Another area that would benefit by taking more direction from the adult market is sunwear. Unfortunately, despite the necessity of sun protection for every age group, selling sunwear to kids continues to be a challenge for ECPs. Indeed 63 percent of respondents cited it as a major challenge. An additional 29 percent viewed it as a minor challenge and only 8 percent said it was no challenge at all. The main reason for these findings is undoubtedly parents’ reluctance to spend money on eyewear likely to be lost or forgotten. Fortunately, there is some good news. Of those surveyed in 2010, 78 percent said they sell sunwear to children and 97 percent dispense frames with photochromic lenses. In fact, photochromics were the favored sun option for children with 79 percent of this year’s respondents reporting it was the sunwear product they sold most to children, an increase from 70 percent in 2008 and 76 percent in 2009—no doubt because it doesn’t involve buying another frame and also is at lower risk for being lost since the eyewear does not have to be removed when inside. Plano sunglasses, sun clips and Rx sunwear complete were the sun products dispensed the most to children by only 9 percent, 7 percent and 6 percent, respectively, of the survey respondents.
Although dispensing sunwear was the major challenge most cited by participants in working with children, a variety of other challenges specific to the kids’ market also exist. Most notably: two sets of customers per visit—the parents and the child—frequently with widely varying tastes and priorities, including budget considerations. Of those polled, 27 percent saw budget restrictions as a major challenge; 52 percent reported it as a minor challenge. For 11 percent of the respondents, getting parents and children to agree on what eyewear to purchase was a major challenge; and for 71 percent, it was a minor challenge.

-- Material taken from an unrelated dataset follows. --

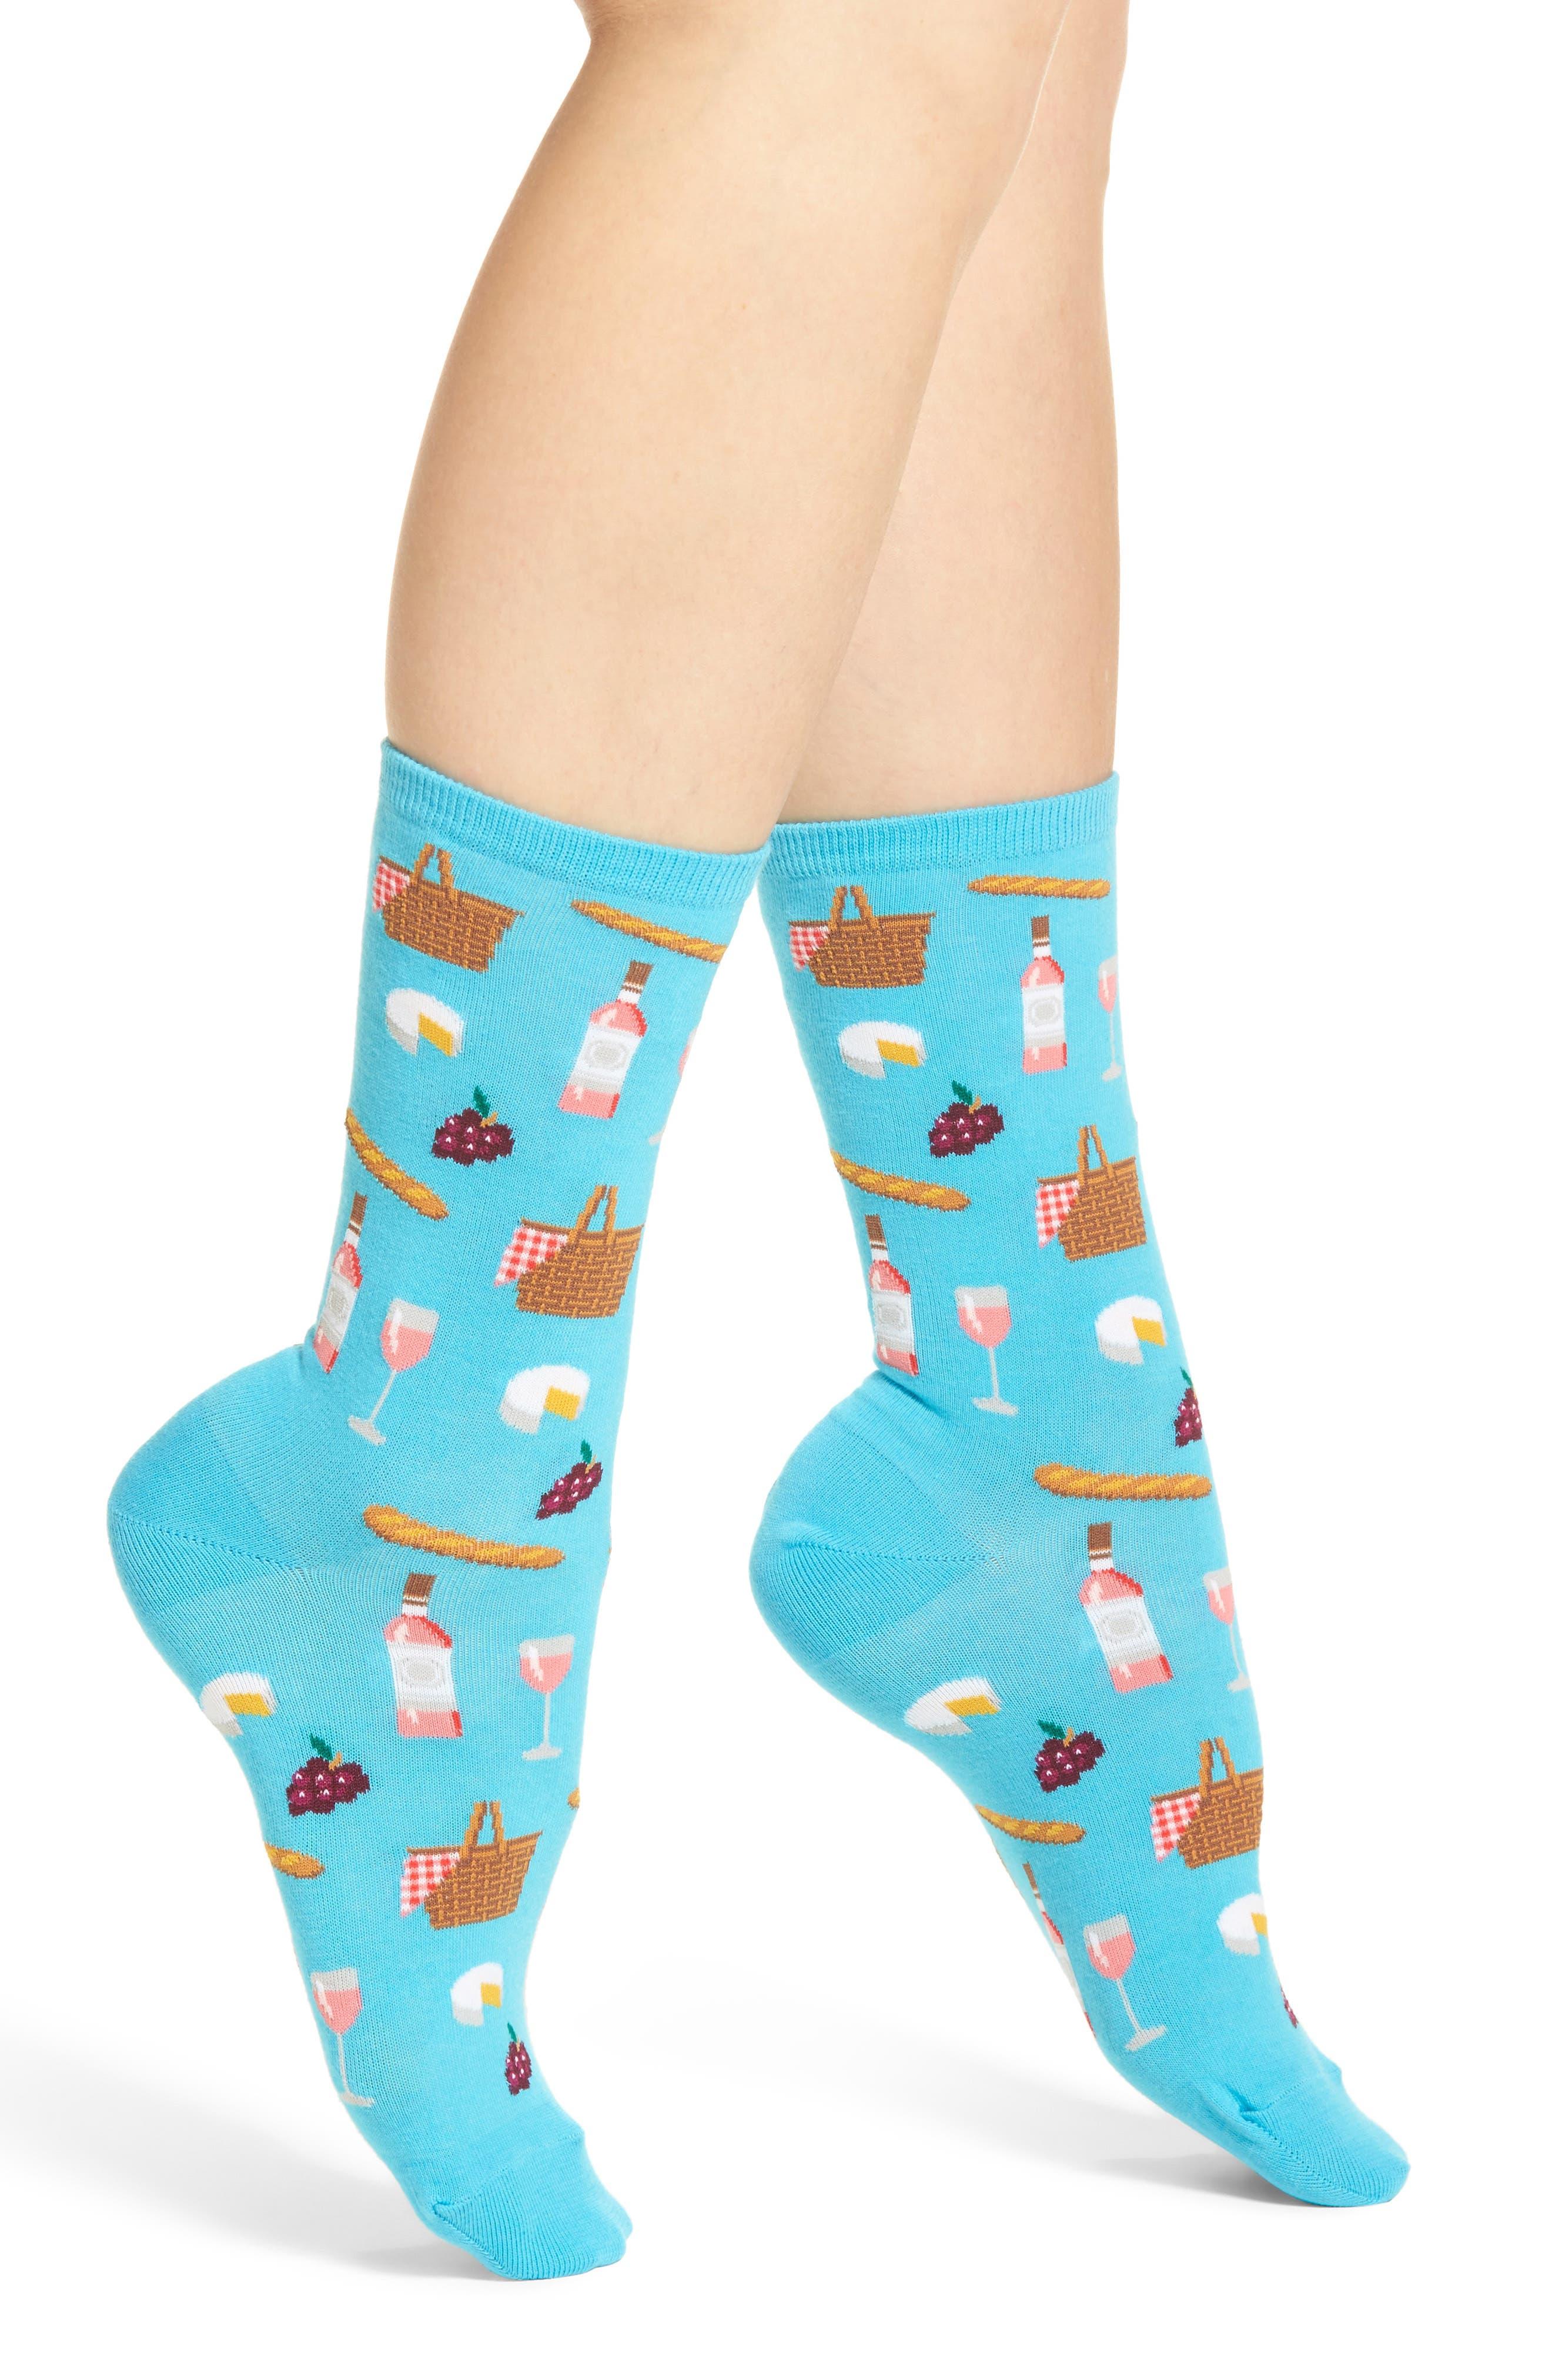 Picnic Crew Socks,                         Main,                         color, Light Blue

In fact, 61 percent of the participants reported the major consideration in selecting eyewear for their child customers is a broad range of color options and an additional 38 percent said color was somewhat important to the children. On the other hand, only 35 percent indicated color was very important to the parents. For parents, the most important factor, understandably, was durability and functionality (cited by 89 percent).
What can manufacturers and vendors do to help ECPs meet the challenges in building their kids’ business? An abundance of fun products is available. Just check the pages in this issue. And manufacturers and vendors continue to partner with retailers to offer marketing tools. The most effective method, according to 39 percent of those surveyed, is point-of-purchase materials, followed by special promotions, cited by 23 percent. Additionally, survey respondents feel offering warranties on children’s eyewear is an essential part of the package, with 87 percent indicating warranties are very important to the parents of their child customers.
Although, according to this survey, children’s eyewear did not make startling inroads in the past year—we can cite the weak economy as a reason—this category does hold its own. Kids’ eyewear, like the market it serves, is packed with power and brimming with potential. It will take time and effort on the part of the optical community before it’s all grown up, but it’s worth it. Kids are the future of eyewear.